## OpenMP Target Device Offloading for the SX-Aurora TSUBASA Vector Engine

Tim Cramer<sup>1</sup>, Manoel Römmer<sup>1</sup>, Boris Kosmynin<sup>1</sup>, Erich Focht<sup>2</sup>, Matthias Mueller<sup>1</sup>

<sup>1</sup>IT Center, RWTH Aachen University, Germany

<sup>2</sup>NEC Cooperation, Stuttgart, Germany

{cramer, roemmer, kosmynin, mueller}@itc.rwth-aachen.de

{cramer, roemmer, kosmynin, mueller}@itc.rwth-aachen.de
erich.focht@emea.nec.com

Driven by the heterogeneity trend in modern supercomputers, OpenMP provides support for heterogeneous systems since 2013. Having a single programming model for all kinds of accelerator-based systems decreases the burden of code porting to different device types. The acceptance of this heterogeneous paradigm requires the availability of corresponding OpenMP compiler and runtime environments supporting different target device architectures. The LLVM/Clang infrastructure is designated to extend the offloading features for any new target platform. However, this supposes a compatible compiler backend for the target architecture.
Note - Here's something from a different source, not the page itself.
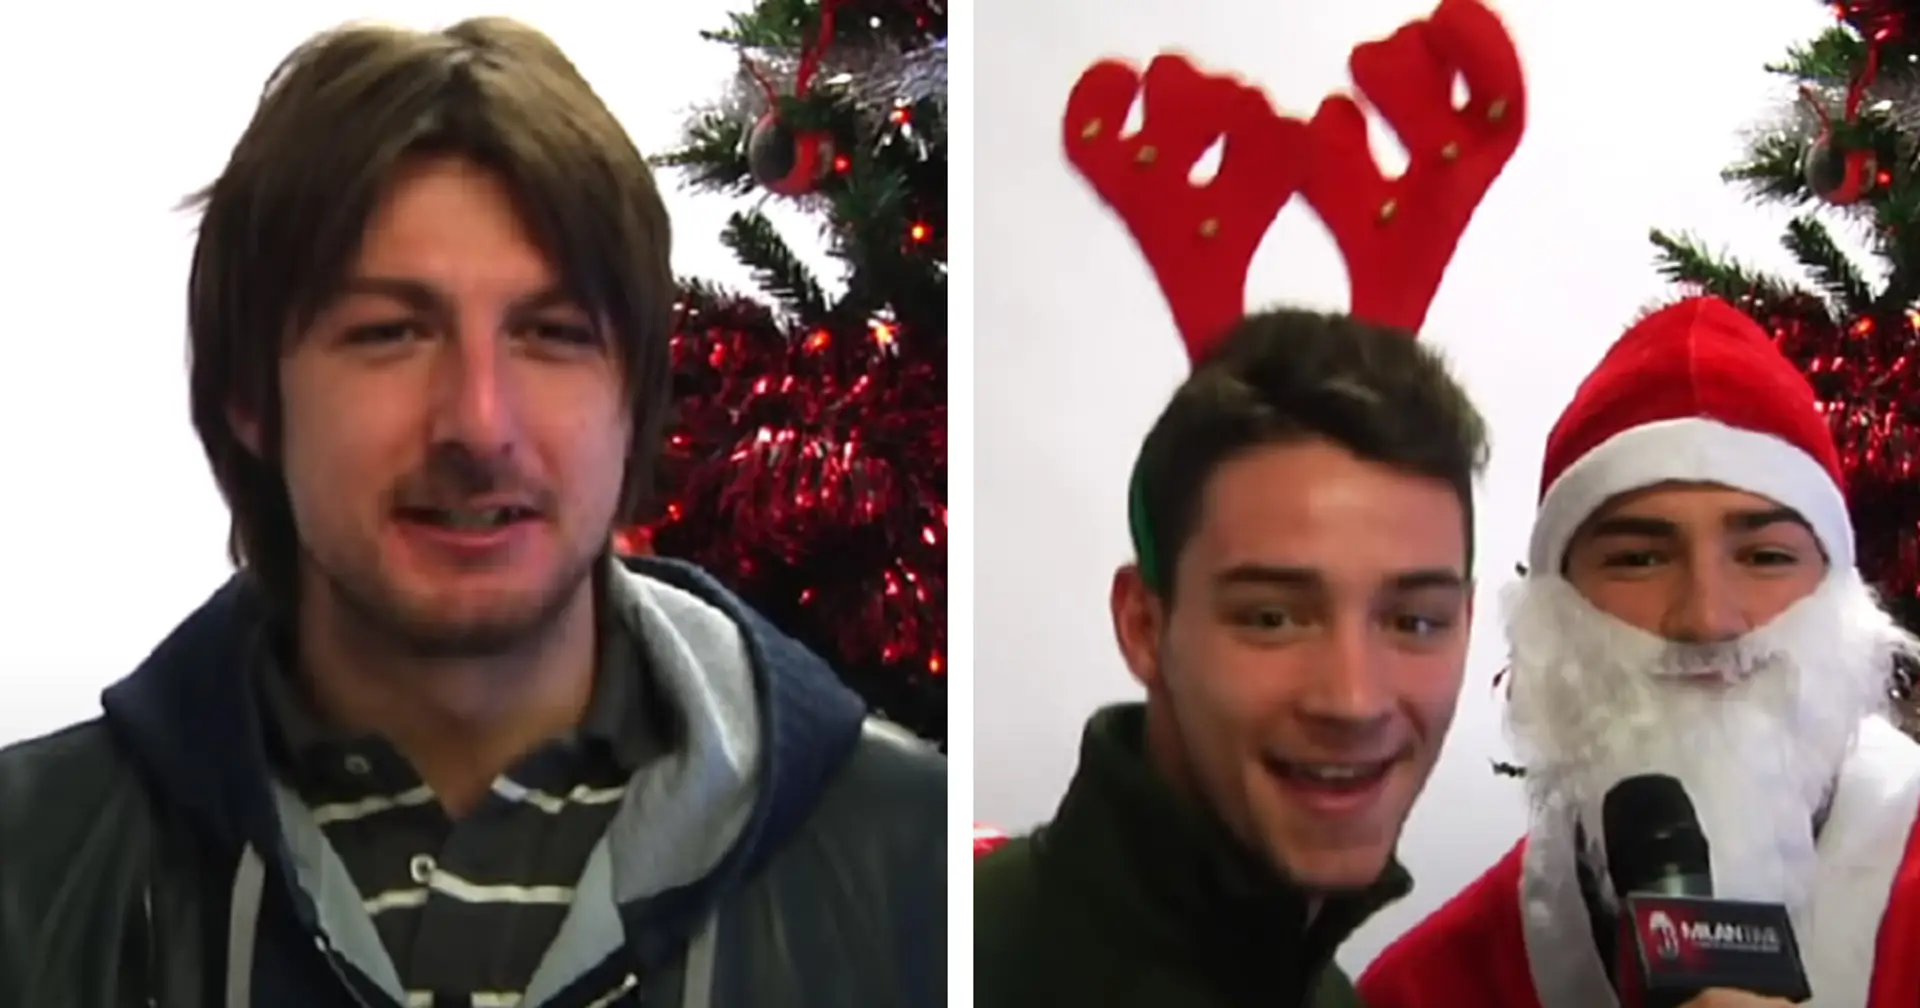 Acerbi, De Sciglio e non solo: il video di Natale 2012 sblocca (amari) ricordi ai tifosi del Milan
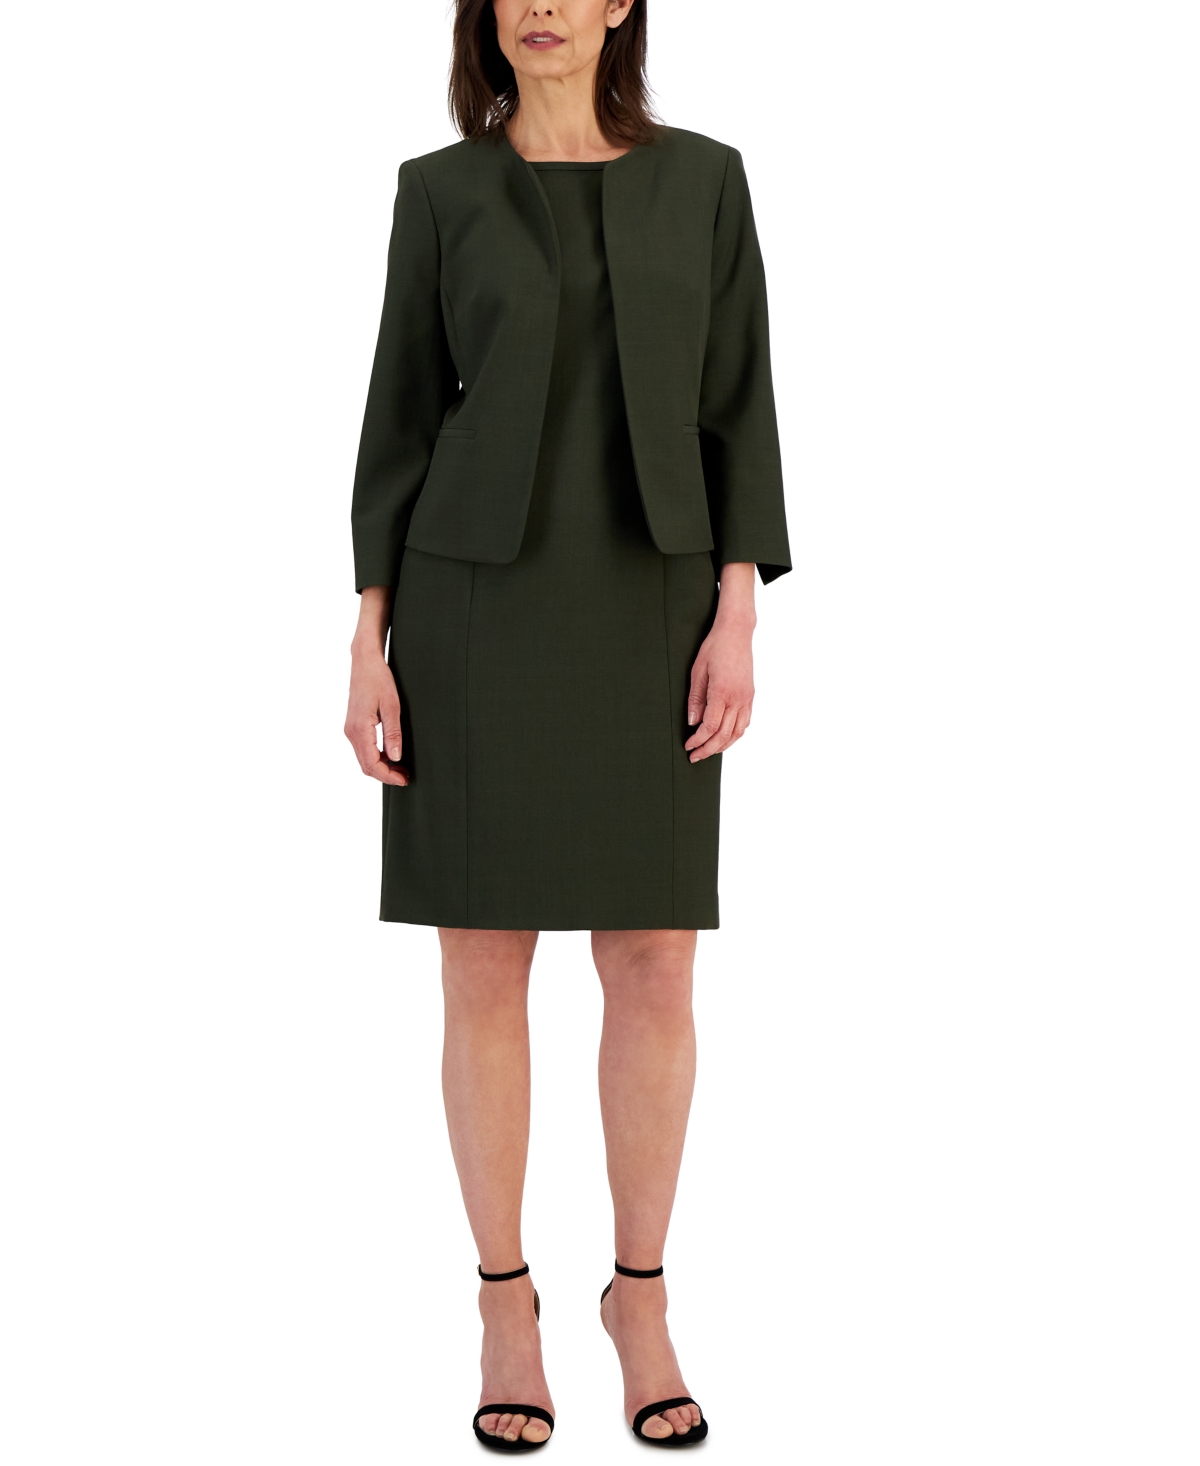 Le Suit Collarless Dress Suit, Regular & Petite Sizes - Macy's

In order to overcome this limitation we present a source-tosource code transformation technique which outlines the OpenMP code regions for the target device. By combining this technique with a corresponding communication layer, we enable OpenMP target offloading to the NEC SX-Aurora TSUBASA vector engine, which represents the new generation of vector computing.

**Keywords:** HPC, OpenMP, Offloading, Vector Computing, SIMD.